Solved: Core i7 memory bandwidth

roman_pearce · ‎02-13-2009

I'm writing a parallel program that is designed for shared-cache multicore processors. This problem is memory-bound, but I have a high performance program that runs in the cache, etc, etc. Generally speaking, performance on the Core i7 is fantastic, however I encountered some strange results. This graph

http://www.cecm.sfu.ca/~rpearcea/corei7_speedup.pdf

shows parallel speedup on the core i7 as a function of the amount of data produced. The program creates 1 GB of data, and W(f,g) is the factor by which this data is reduced by processing (in the cache) before being written to memory. For example, when W(f,g)=1 the result is 1 GB, and when W(f,g)=1024 the result is 1MB. The program is designed to achieve linear speedup, and it often gets superlinear speedup because of the dedicated caches on the Core i7.

The graph is strange because when lots of data is produced the speedup on 4 cores goes way down but with 3 cores it is ok. This is a Core i7 920 2.66GHz with 6GB DDR3 with speedstep and hyperthreading disabled.
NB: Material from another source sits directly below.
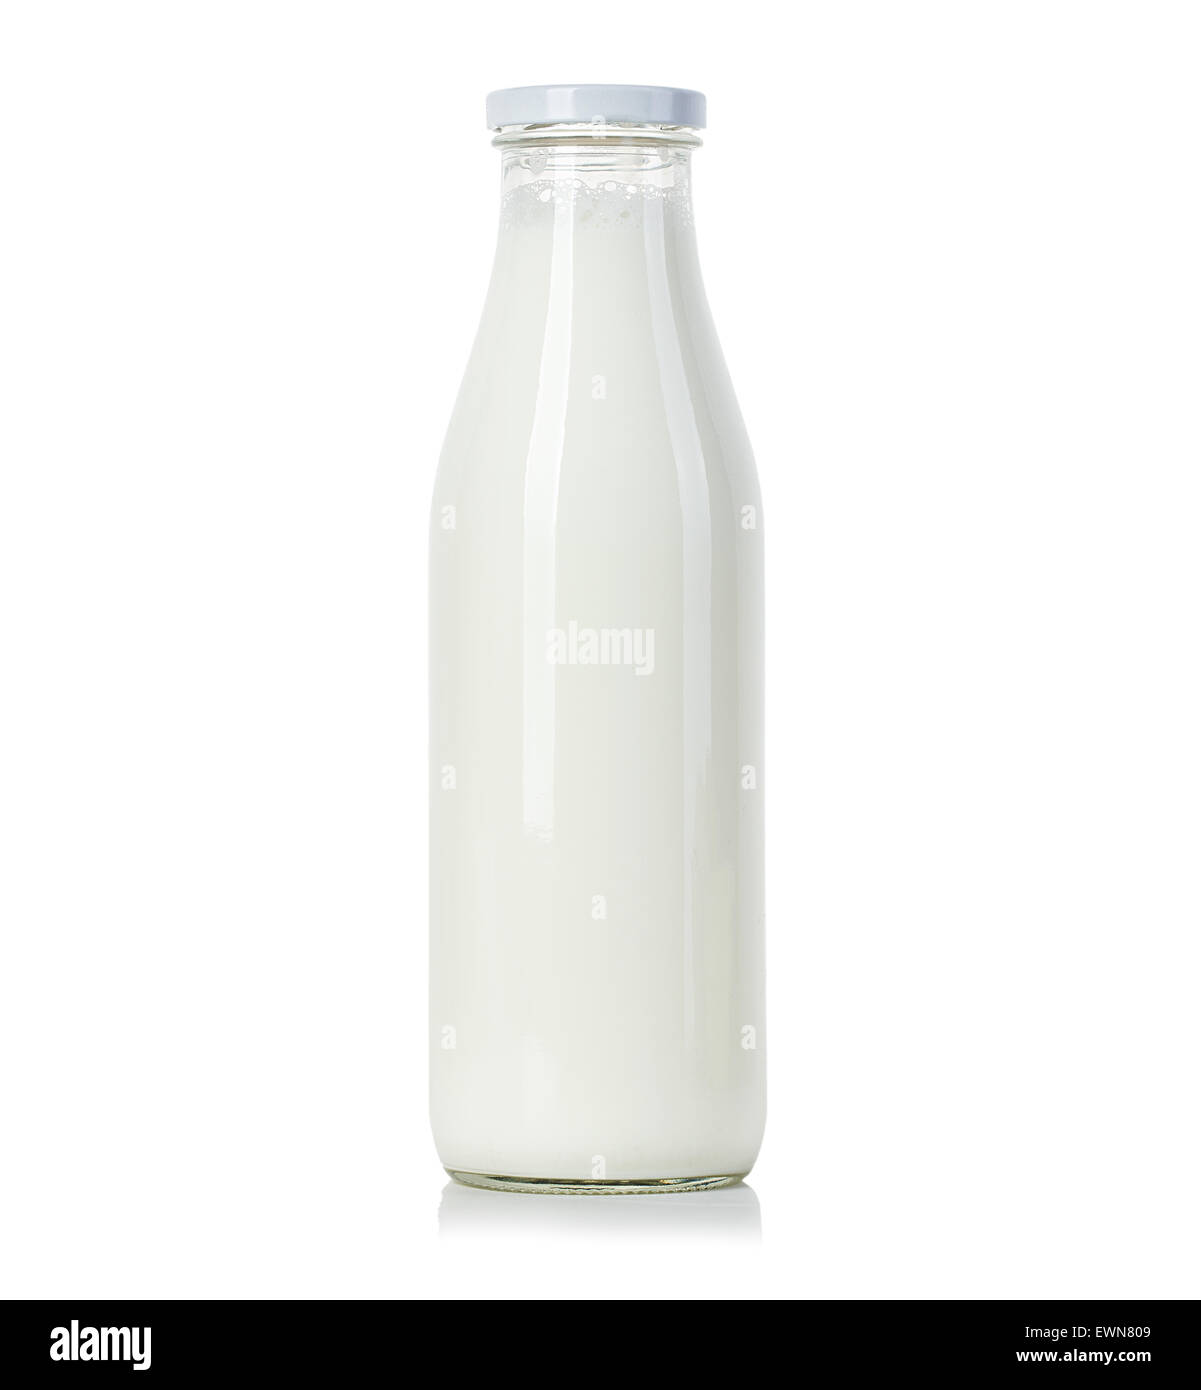 Bouteille de lait isolé sur fond blanc Banque D'Images

Now this is obviously using a lot of memory bandwidth, but the bandwidth seems to be nowhere near the published limitations of the Core i7 or DDR3. It seems I am unable to break 330 MB/sec. I tried prefetching but it didn't help.
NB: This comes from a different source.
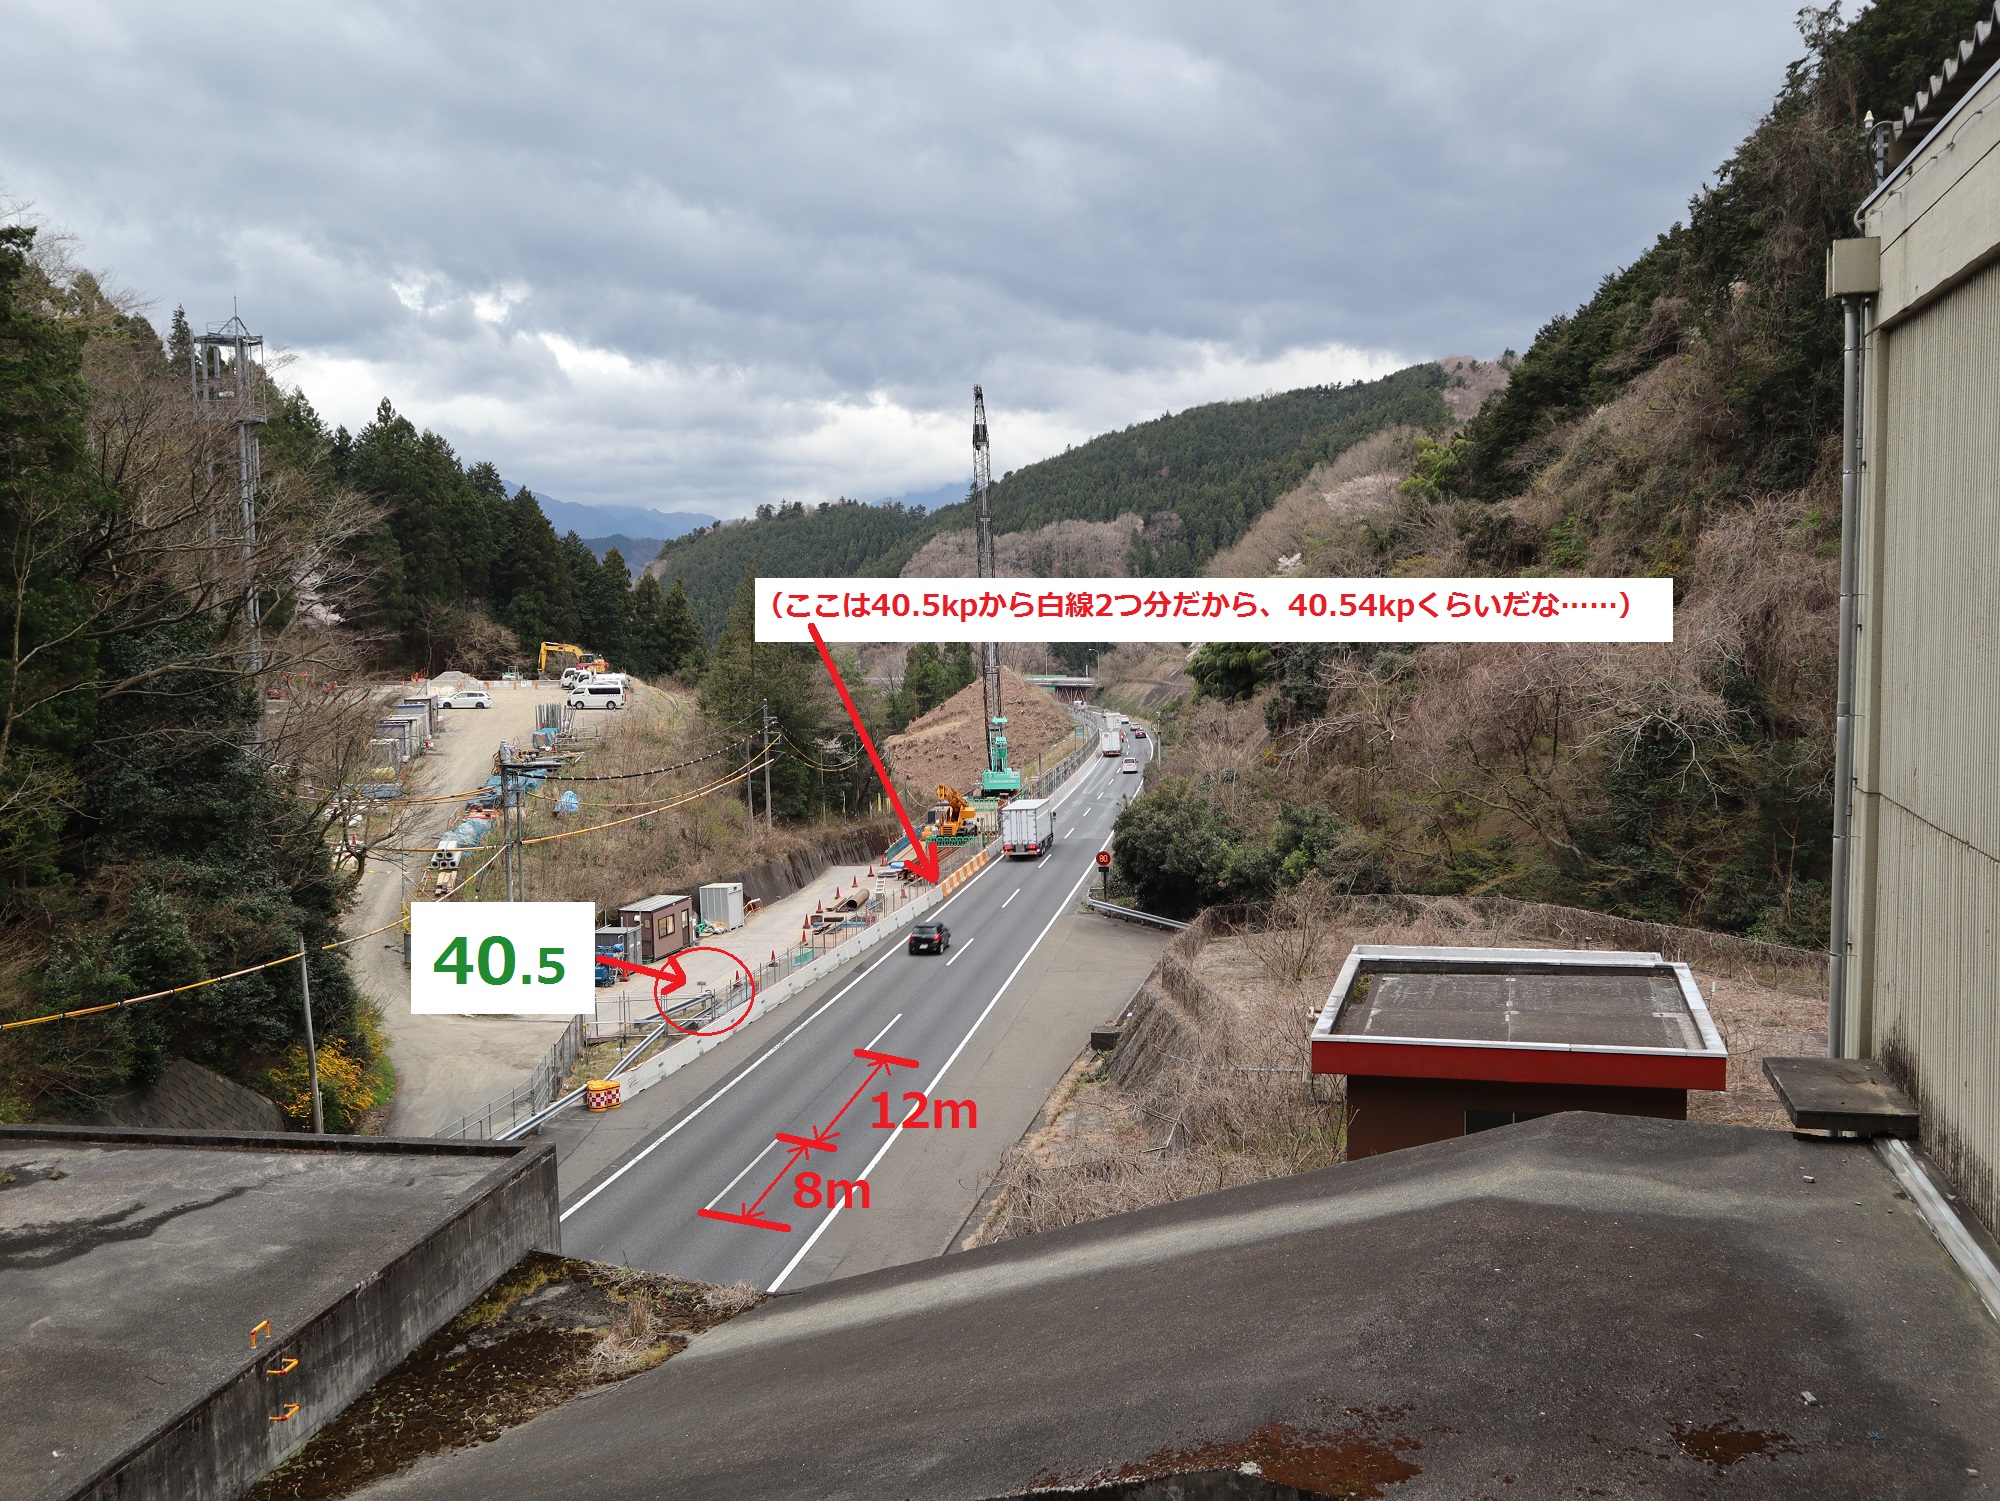 Nexco中日本 八王子工事事務所 豆知識 高速道路の車線と車線を仕切る破線 長さはどのくらいかご存知ですか 1つの破線の 長さが8m 破線と破線の間隔が12mです 1セットがちょうどmなので ご走行の際は車間距離を測る目安にしてみてください 私たち

Does anyone have any suggestions ?

By the way, the Core i7 is a great chip for parallel programs. Thanks!

jimdempseyatthecove · ‎02-13-2009

Roman,

In looking at your chart, the 1.02 line, if you had peaked the memory band width you would have expected the line from 3-4 cores to have been flat (near flat). i.e. closer to the 1.17 line. The precipitous drop indicate cache evictions are taking place. As to the cause, you may have to spend some time using a profiler. However, in doing so you will likely alter the results.
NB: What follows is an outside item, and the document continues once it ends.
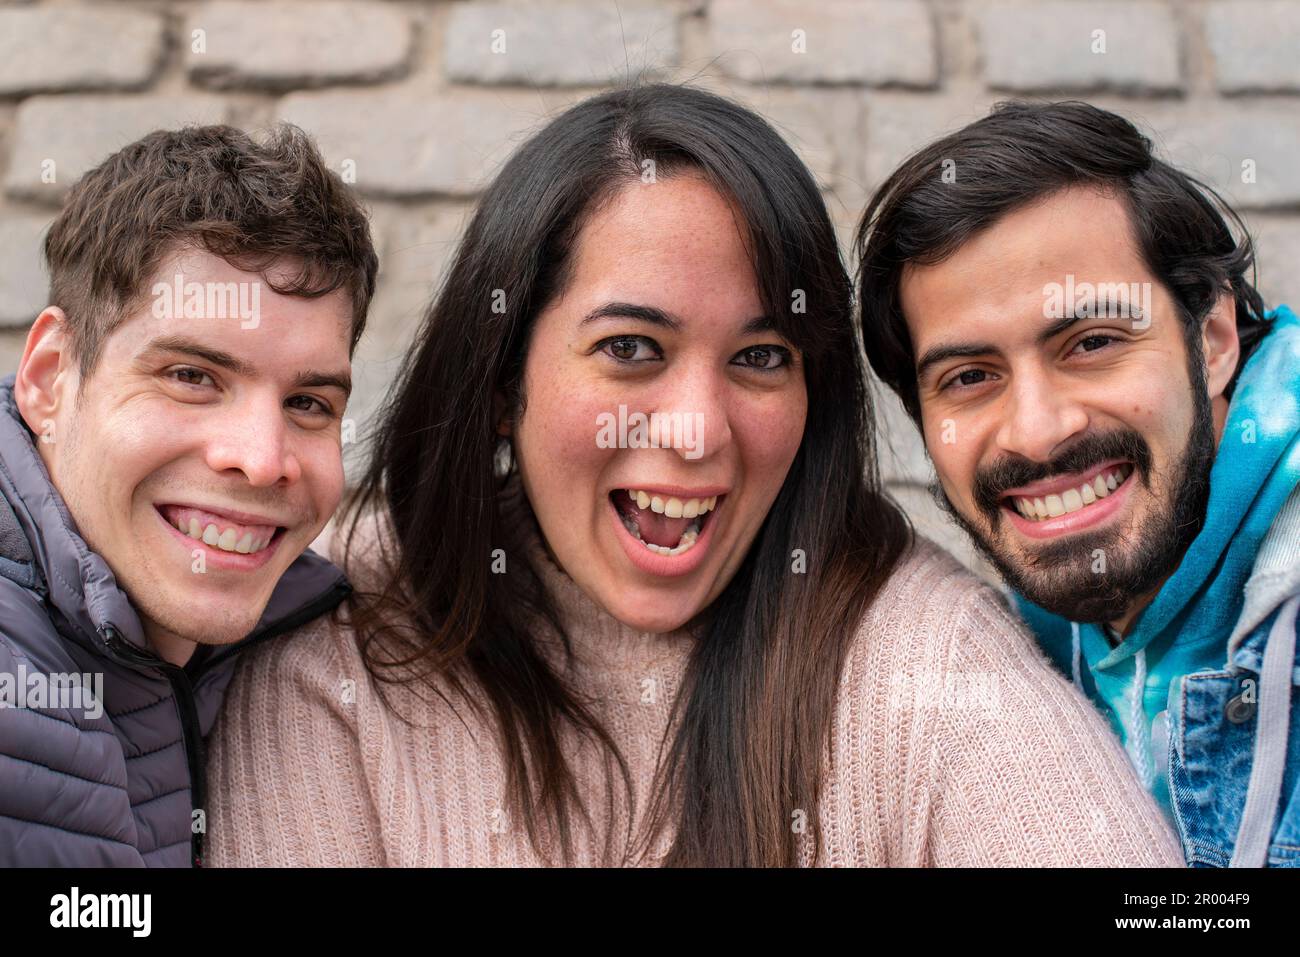 Ritratto di tre amici sorridenti che guardano la fotocamera Foto Stock

You haven't said much about the application. From looking at the chart, one potential cause is your threading model.

Would you by chance be compressing the datausing your scaling 1, 2, 3, 4 threads and using an additional thread in each configuration to write the results? If so, you would expect to see the lines as you have produced. As you increase the compression ratio, the work of the extra thread reduces. Just a wild guess on my part.

Jim Dempsey

View solution in original post

jimdempseyatthecove · ‎02-13-2009

Roman,

In looking at your chart, the 1.02 line, if you had peaked the memory band width you would have expected the line from 3-4 cores to have been flat (near flat). i.e. closer to the 1.17 line. The precipitous drop indicate cache evictions are taking place. As to the cause, you may have to spend some time using a profiler. However, in doing so you will likely alter the results.

You haven't said much about the application. From looking at the chart, one potential cause is your threading model.

Would you by chance be compressing the datausing your scaling 1, 2, 3, 4 threads and using an additional thread in each configuration to write the results? If so, you would expect to see the lines as you have produced. As you increase the compression ratio, the work of the extra thread reduces. Just a wild guess on my part.

Jim Dempsey

roman_pearce · ‎02-13-2009

Quoting - jimdempseyatthecove

Roman,

In looking at your chart, the 1.02 line, if you had peaked the memory band width you would have expected the line from 3-4 cores to have been flat (near flat). i.e. closer to the 1.17 line. The precipitous drop indicate cache evictions are taking place. As to the cause, you may have to spend some time using a profiler. However, in doing so you will likely alter the results.

You haven't said much about the application. From looking at the chart, one potential cause is your threading model.

Would you by chance be compressing the datausing your scaling 1, 2, 3, 4 threads and using an additional thread in each configuration to write the results? If so, you would expect to see the lines as you have produced. As you increase the compression ratio, the work of the extra thread reduces. Just a wild guess on my part.

Jim Dempsey

Thank you for your comment, especially about memory bandwidth. I may have to do some profiling. The application multiplies sparse polynomials, and the data is reduced by adding up like terms. I am using finite circular buffers for each thread, and so far it looks like the buffers are filling up or running out whenever four threads are sending a lot of data. For 2-3 threads the size of the buffers directly affects the amount of spinning (typically none) but with four threads it's bad no matter what.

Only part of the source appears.